# Battle zone for deer disease-Eric Sharp-Freep-05-23-02



## Tom Morang (Aug 14, 2001)

Battle zone for deer disease 

Wisconsin aims to wipe out herd in area west of Madison 
May 23, 2002


http://www.freepress.com/sports/outdoors/deer23_20020523.htm




BY ERIC SHARP
FREE PRESS OUTDOORS WRITER




GREEN BAY, Wis. -- Two Wisconsin scientists are leading an effort to kill every deer in a 280-square-mile area where chronic wasting disease has been found. The outbreak in southern Wisconsin is the first occurrence of the disease east of the Mississippi River. 

Bill Vander Zouwen, wildlife chief for the Wisconsin Department of Natural Resources, and Scott Craven, a University of Wisconsin wildlife ecologist, know that killing 15,000 whitetails will ruin deer hunting in that area for years to come. It also will destroy the deer camp where they have hunted for decades. The camp is in the heart of the disease zone. 

"We're looking at the end of the line for our camp this fall," said Craven, who chairs the university's department of wildlife ecology. "A 30-year tradition of being on the same stand on opening day is going to come to an end, and that's a tough thing to take for a deer hunter." 

Chronic wasting disease, first detected in the West, infects deer and elk. It threatens to wipe out large numbers of animals if left unchecked. 

The outbreak in Wisconsin has created concern in neighboring Michigan, where the state DNR has begun looking at ways to combat the disease. The Michigan Natural Resources Commission is considering a statewide ban of deer feeding and a limit to baiting. 

Until February, chronic wasting disease was largely a problem in contiguous areas of northeastern Colorado, southeastern Wyoming and northwestern Nebraska. Then it was found in wild whitetails in southern Wisconsin 30 miles west of Madison, an area where hunters have conducted feeding campaigns for 30 years to increase the deer population. 

Todd Malmsbury, a spokesman for the Colorado DNR, wasn't surprised to find the Wisconsin outbreak in an area where feeding congregates the animals. 

"We had a hot spot along the Boulder-Larimer County line where the rate was 20 percent," Malmsbury said of chronic wasting disease. "Feeding and baiting are illegal, but when we went in there we found the locals dumping big piles of apples to increase the deer numbers." 

How chronic wasting disease jumped over 900 miles of disease-free territory to Wisconsin is a mystery. But many researchers suspect it arrived in a sick elk or deer shipped from a Western state to a Wisconsin game farm. 

Computer simulations in Wisconsin and Colorado, where the disease was first seen in 1967, predict that unchecked chronic wasting disease would drive local deer herds to virtual extinction in 80-100 years. 

But Doris Olander, a consulting veterinarian for the Wisconsin DNR who also worked on the mad cow outbreak in England, said hunters would see drastic reductions long before then.
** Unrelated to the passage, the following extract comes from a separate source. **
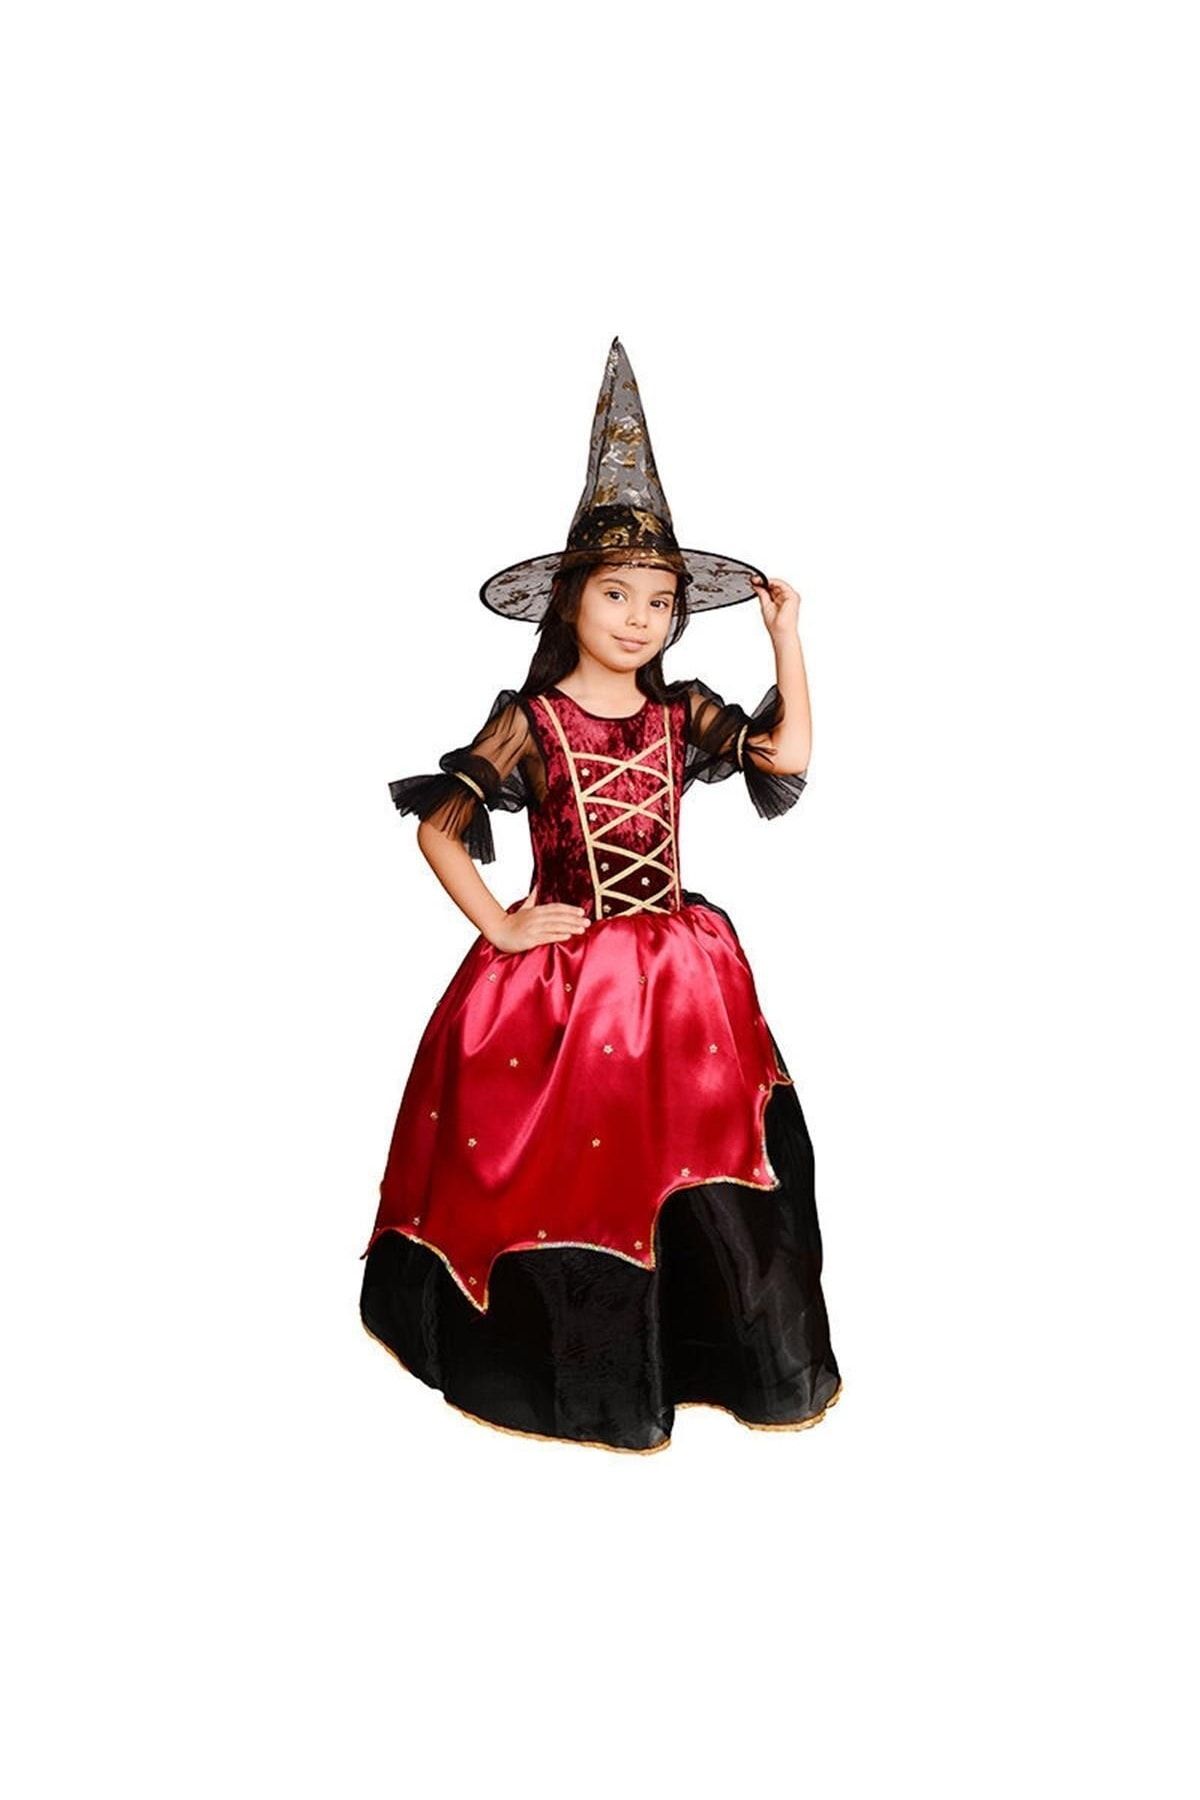 Mashotrend Bordo Tarlatanlı Cadı Kostümü + Cadı Şapkası - Cadılar Bayramı Kostümü - Halloween Kostüm

Olander appeared before a group of 700 at an informational meeting at Southwest High in Green Bay. 

Using computer modeling with conservative estimates about how fast chronic wasting disease spreads, she found that deer would drop from 30-50 per square mile to fewer than five per square mile in about 20 years. 

One of those at the Green Bay meeting was Arnie Rudquist of Escanaba, who said he came "because I'm a deer hunter, and the Wisconsin border is only 40 miles from my camp. I know the part of Wisconsin that has (the disease) is 200 miles away, but from what I've heard at this meeting, I'm going home even more worried than when I came. 
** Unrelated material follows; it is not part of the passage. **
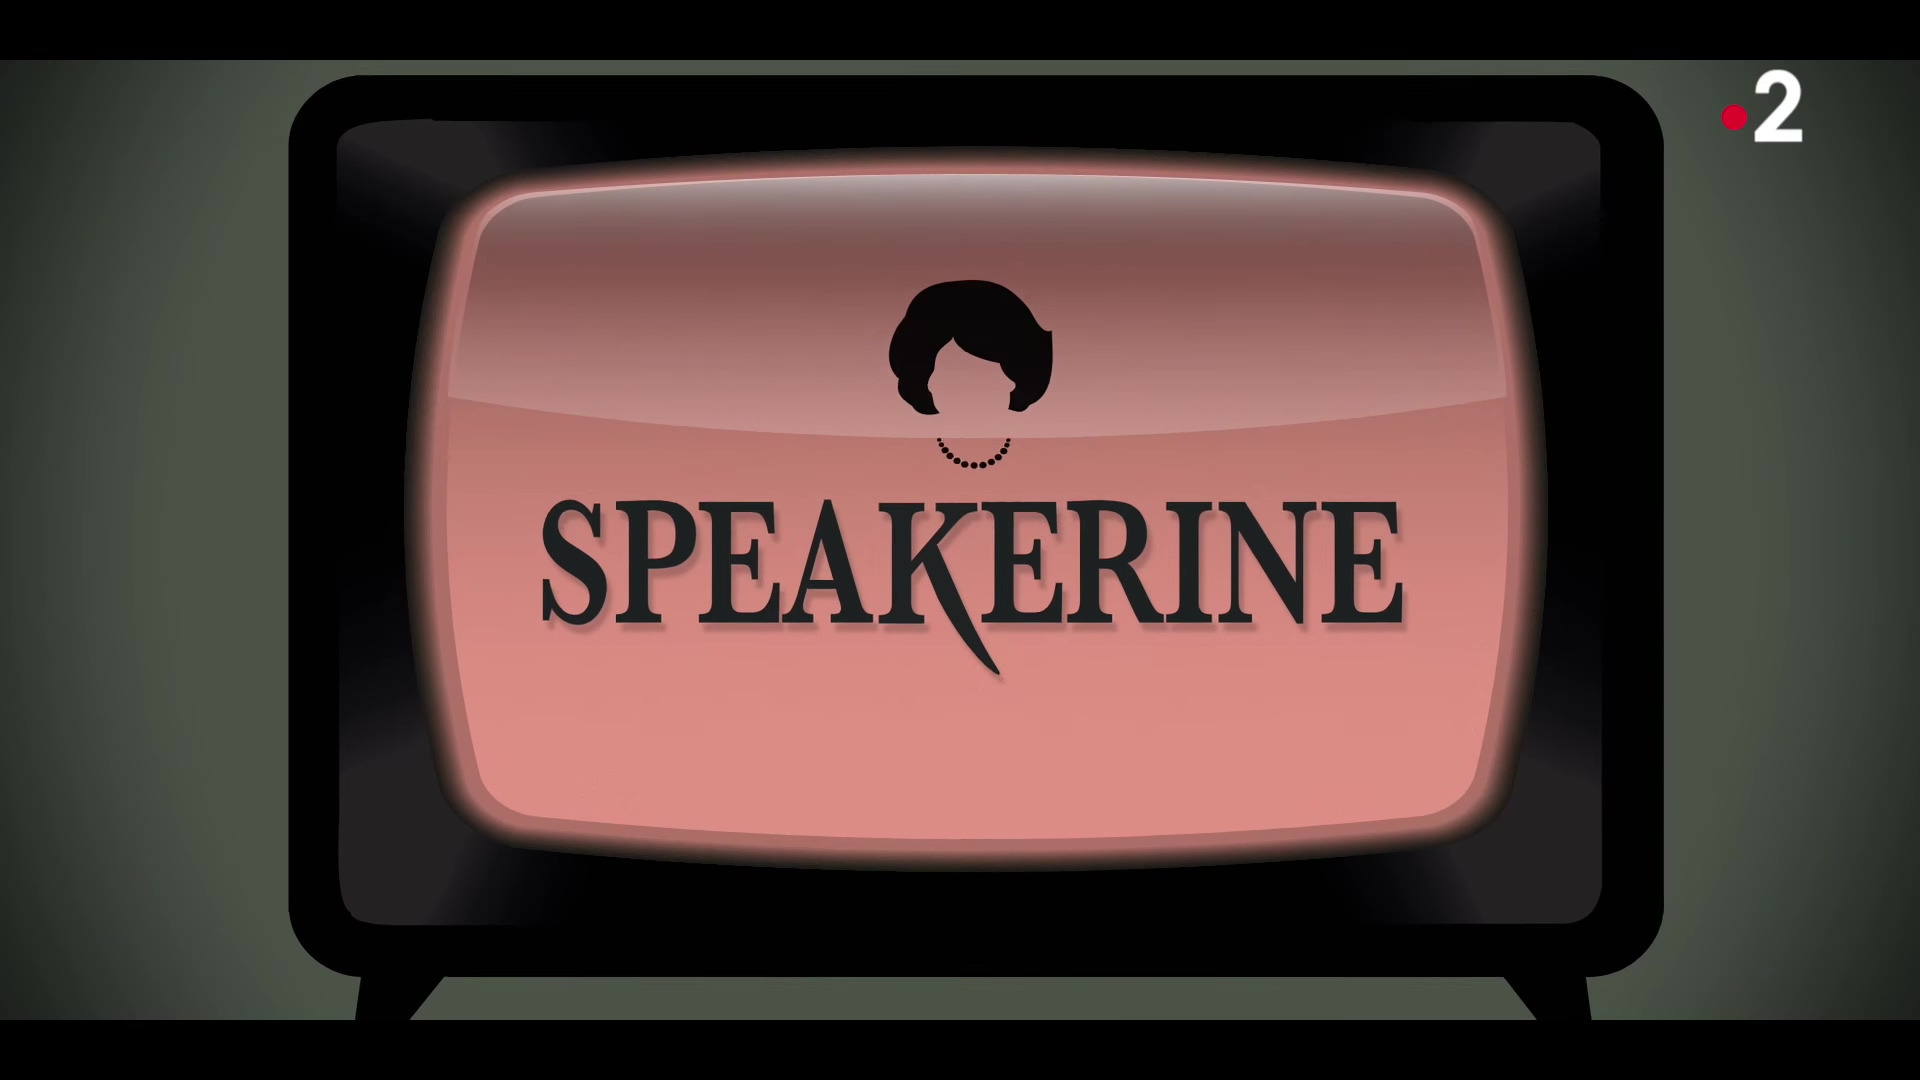 Show Speakerine

"If Wisconsin doesn't get rid of it soon, I don't see how it can help but spread to the states all around." 

Michigan DNR officials have tested nearly 500 deer for chronic wasting disease in the counties that border Wisconsin and plan to test about 1,500 more this fall. None of the deer tested had the disease. 

The Wisconsin control plan is a scorched-earth policy that would rely on year-round shooting to kill every deer in a nine-mile radius and dump the carcasses in a landfill. 

"In 1924, the California (DNR) killed 22,000 deer in 1,100 square miles to end an outbreak of hoof-and-mouth disease, so we know it can be done," Craven said. 

But that might be easier said than done. Most infected areas in Wisconsin have 40 deer per square mile, and some have more than 100. Wisconsin hunters also face the problem of dense woodlands, where it is much harder to kill deer. 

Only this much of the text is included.